With Canadian consumer debt levels continuing to climb, year
after year, it is no surprise that many Canadians are turning to alternative
repayment methods in an effort to get out of debt. However, some organizations
have taken advantage of individuals without a full understanding of debt, and
offer solutions that are less than acceptable.
We strive to help individuals with debt problems with honest
and realistic options that can eliminate financial stress. In this blog, we
attempt to answer some of the most common questions regarding one of these very
popular methods - consumer proposals - and provide you with some important
information to help you make an informed decision.
Firstly, what is a consumer proposal exactly? A consumer proposal is a legally binding arrangement negotiated
between you and your creditors (though an administrator – a licenced bankruptcy
trustee) which arranges for a partial repayment of your total unsecured debt.
Essentially you promise to repay a portion of your debt, and your creditors
will forgive the remaining amount.
What does this mean? After meeting with a consumer proposal
administrator and filling out the required forms, a proposal will be presented
to all of your creditors (you can’t pick and choose here), who then have to
respond and accept the agreement. If more than 50% reject it, you have to amend
or adjust and refile. Once the proposal is accepted, you are required to pay a
monthly payment to your administrator, who then pays your creditors.
There are a number of substantial benefits of filing a
consumer proposal:
1.
Most wage garnishments will immediately stop.
2.
Interest stops accumulating on your current debt
from the date you file.
3.
Collection agencies and creditors can’t contact
you for payment – it is against the law!
4.
Your home or other assets are protected –
creditors can’t touch them.
5.
You are only required to pay back a portion of
your debt.
The downside: a consumer proposal does not include secured
debts, such as a mortgage – only unsecured debts are covered. Furthermore, once
you have filed a consumer proposal, your credit rating is going to be impacted.

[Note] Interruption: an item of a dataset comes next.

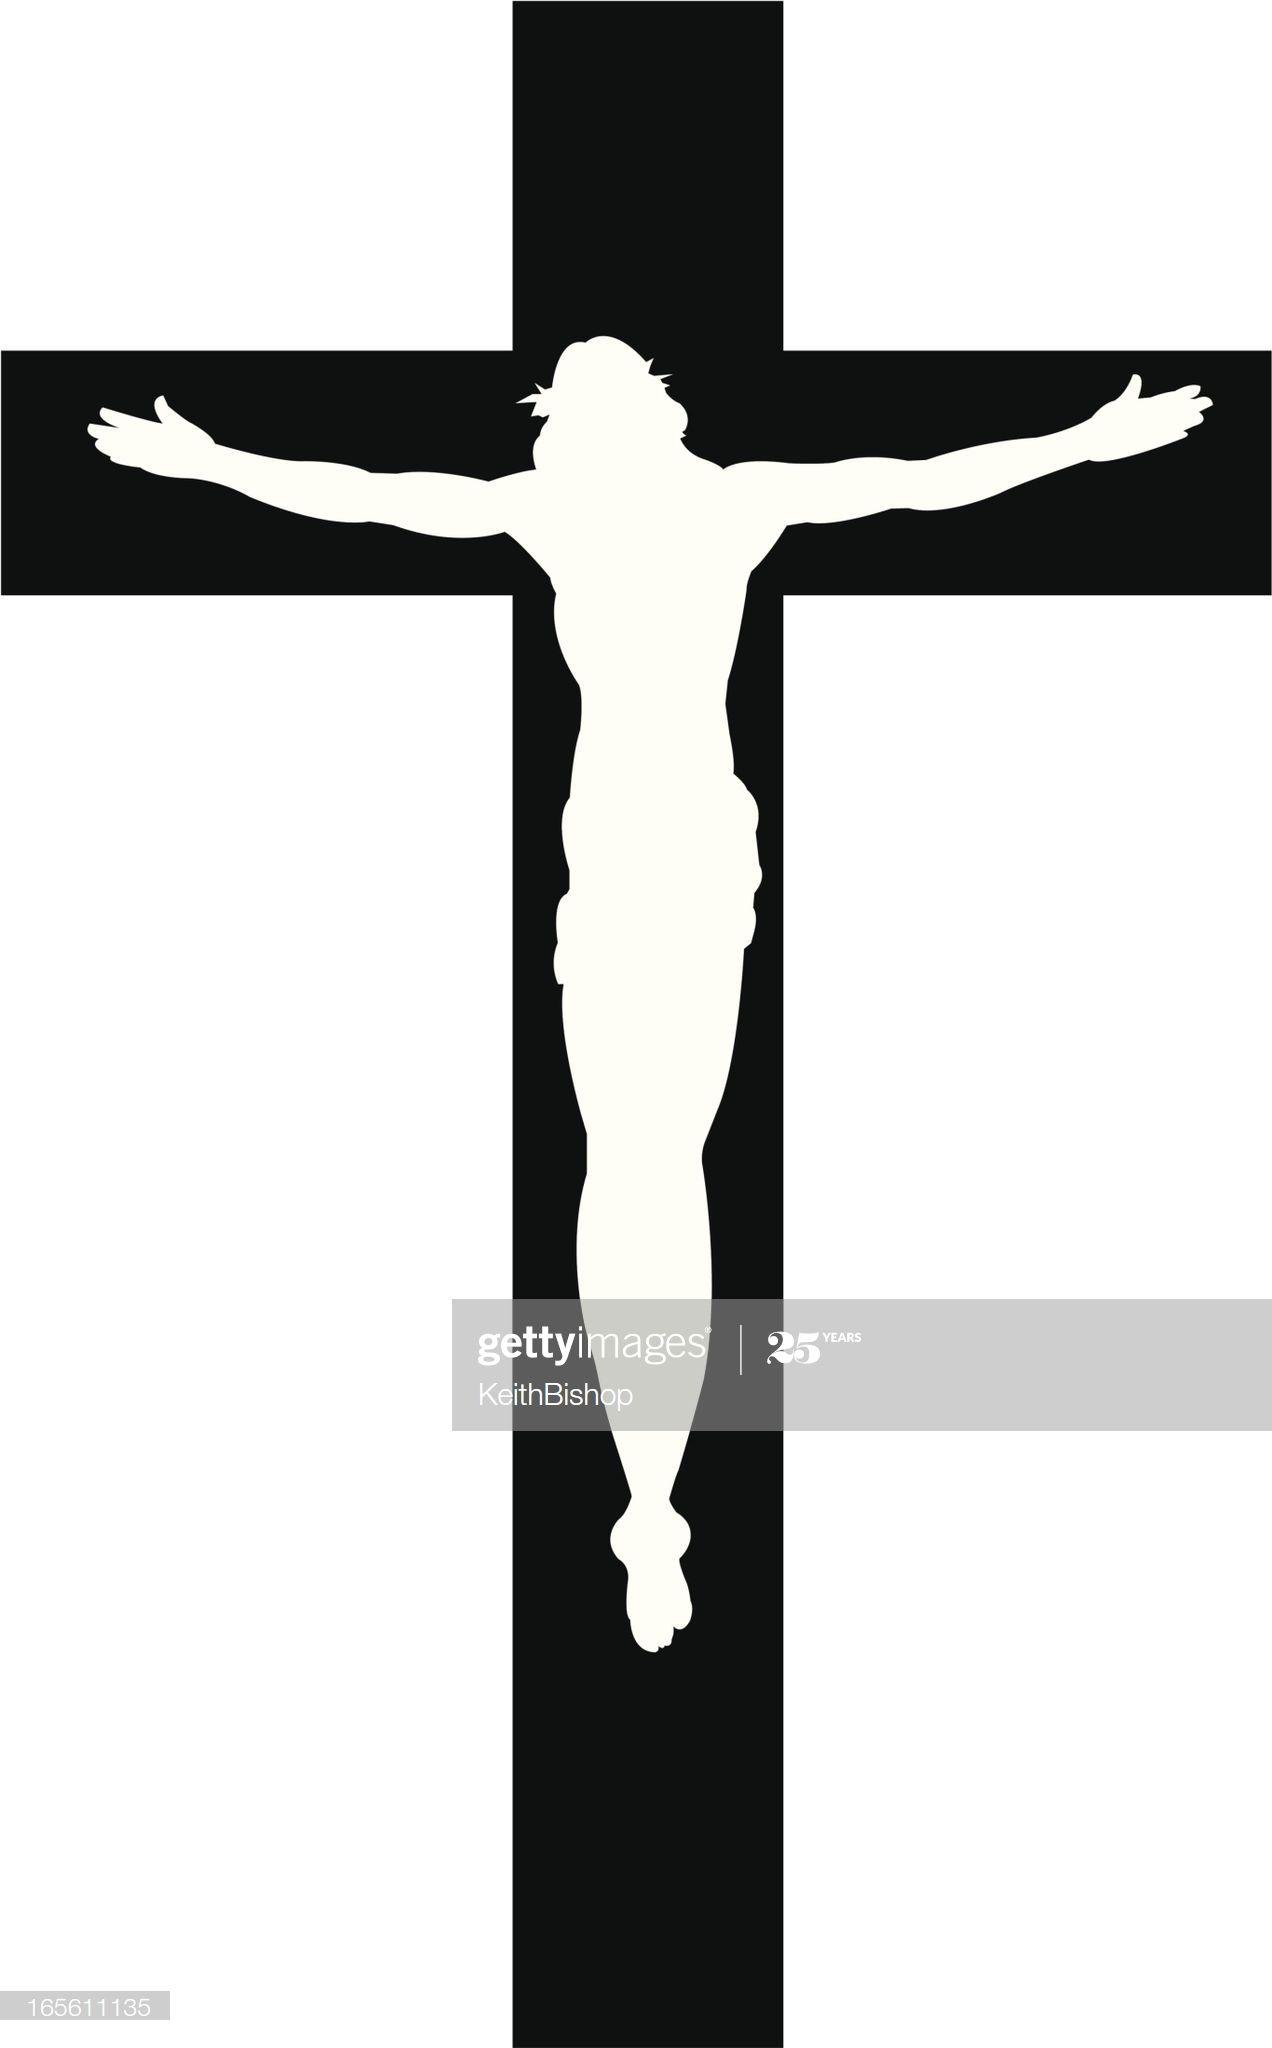 Ilustracion De Stock Cruce De Jesus Christ Cristian Religion Silueta La Cruz De Jesus Cruz De Cristo Imagenes De Cruces

That being said, if you are in the position that makes a consumer proposal a
valuable debt relief option, your credit has likely already been compromised.
Consumer proposals typically mean an R rating on your credit report – but in
many cases the benefits far outweigh the negatives.
If you are in over your head and are looking for a debt
relief option, a consumer proposal can be a very advantageous strategy. They
are complex though, and can’t be conducted by anyone but a licenced bankruptcy
trustee, and so seeking some assistance is essential. Bear in mind however that
it may not be advisable to go directly to a trustee since he by law acts for
the creditors as well as the debtor, and his fee is a percentage of the debt
being repaid. Accordingly, there is an incentive for the trustee to maximize
the amount being paid to the creditors in the proposal. An independent advisor,
such as DebtCare Canada, acting in your interests only, can help you to
structure your proposal before approaching a trustee.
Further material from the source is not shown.